2. Questions about the data or change requests can
be clarified directly with the responsible
department without having to go through the
central IT department.
3. The raw data is processed at the point of origin.
A time-consuming relocation to a central
location is no longer necessary. Current data is
available more quickly.
4. By searching the central data catalogue, the
datasets could be easily found and identified as
useful. The data can be used directly without
any IT requirements having to be made first.
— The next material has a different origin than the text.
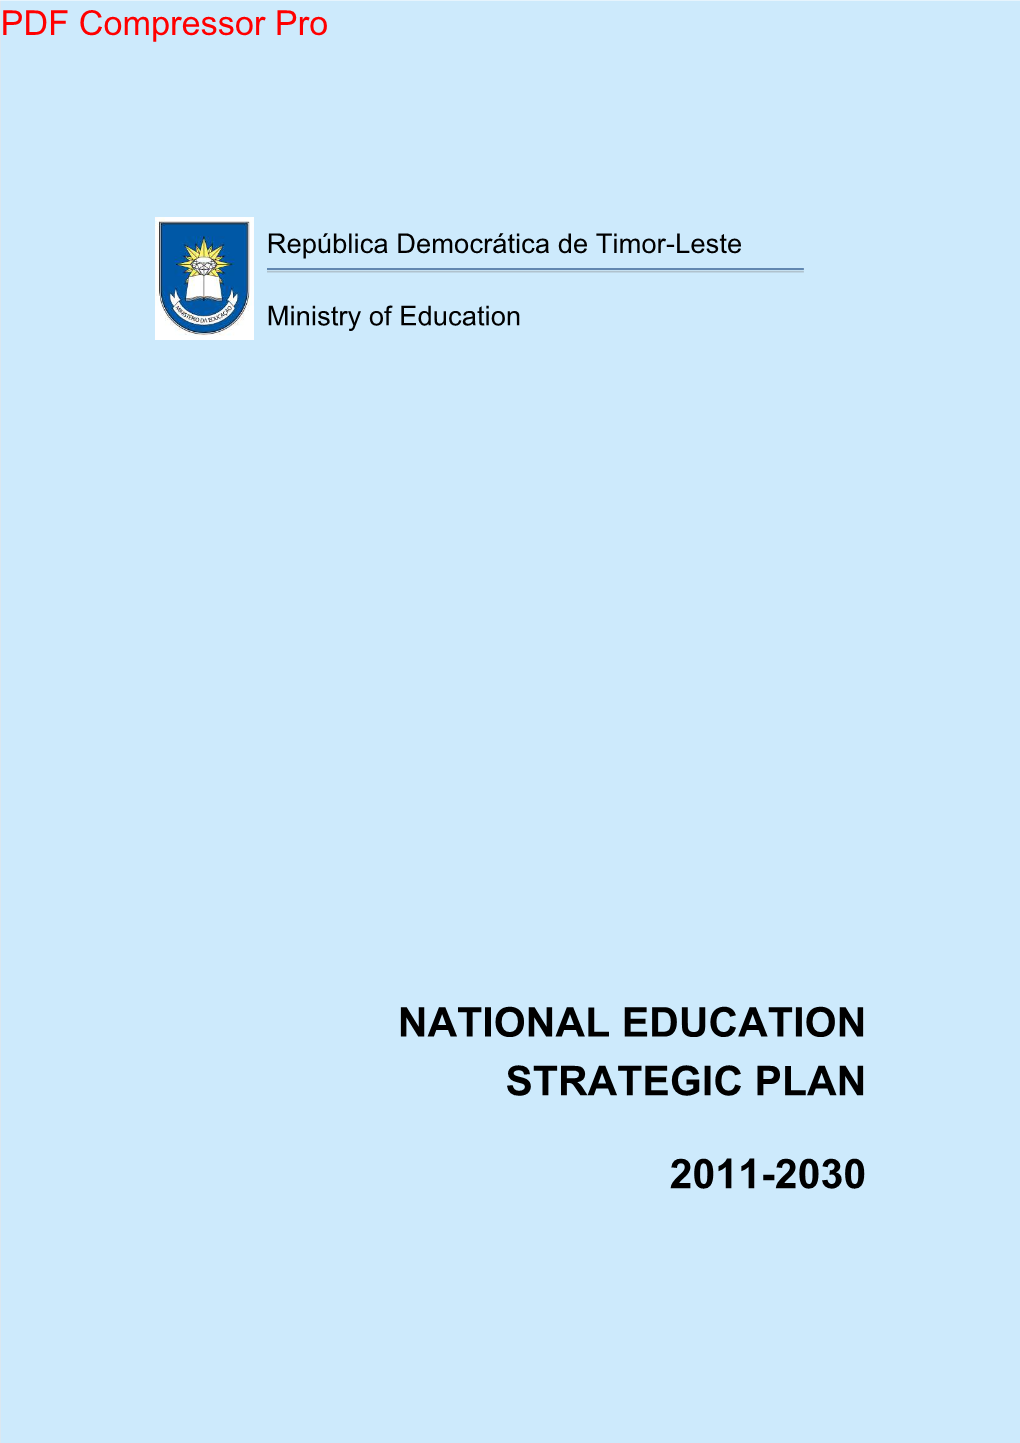 National Education Strategic Plan 2011-2030

The time until insight is reduced.
Data mesh can be used in a wide variety of
industries. For example, an e-commerce company
could use data mesh to create different domains for
customer data, product data, order data, and
marketing data. Each area would independently
manage its individual information and make it
available to other areas for a deeper understanding of
customer needs, product performance and marketing
effectiveness. Another example: Data mesh can be
used in healthcare organizations. By implementing it,
a healthcare organization could create multiple
domains for patient data, clinical information, and
financial data. This would enable effective
organization and management of this data to provide
better patient care and more efficient business
operations. With data mesh, a healthcare organization
could adopt a data-driven approach to their processes,
thereby improving their performance and
competitiveness. Each domain manages its individual
data and makes it accessible to other domains to
promote a better understanding of patient care,
clinical outcomes and financial performance. The
implementation also allows the organization to ensure
that the data is updated in real-time and is therefore
always up-to-date. This is especially important in the
financial industry, where quick and accurate
decisions need to be made. Overall, the use of data
mesh offers an innovative solution to the challenges
facing financial services companies today. Each
department is responsible for managing its own data
and making it available to other departments to gain
a more complete understanding of clients' needs, their
transaction history and risk profile. Such an approach
could help make more informed lending, fraud
prevention and investment decisions.
7 DISCUSSION
This part discusses some theoretical and practical
implications of running data mesh as a concept. To
decide whether organizations should invest in a data
mesh architecture, organizations must consider the
number of data sources, the size of the data teams, the
number of data domains, and data governance. In
general, the larger and more complex these factors
are, the more demanding the organization's data
infrastructure requirements are, and the more likely
the organization is to benefit from a data mesh
approach.
Typically, moving to a data mesh architecture is a
sensible consideration for teams that need to manage
large amounts of data sources and process them into
clean data. However, unless the organization's data
needs are complex and demanding, data mesh should
not be considered just yet. For organizations looking
to rapidly evolve and adapt to data modernization, it
makes more sense to first adopt some data
connectivity best practices and concepts to facilitate
migration at a later date.
In the data area, in addition to data mesh, there is
also the term data fabric and both are interesting trend
topics. Data fabric describes the combined use of
several existing technologies to enable metadata-
based implementation and advanced design of
orchestrations. While the data fabric is based on a
flexible ecosystem of software solutions for data use,
the data mesh is a special way of data organization.
With a data mesh, the data is stored decentrally in its
respective area within an organization. Each node has
local storage and processing power, and no central
point of control is required for operation. In contrast,
with a data structure, data access is centralized, with
clusters of high-speed servers for networking and
sharing powerful resources. There are also
differences at the data architecture level. In this way,
the data mesh introduces an organizational
perspective that is independent of specific
technologies. Its architecture follows a domain-
oriented design and product-related thinking.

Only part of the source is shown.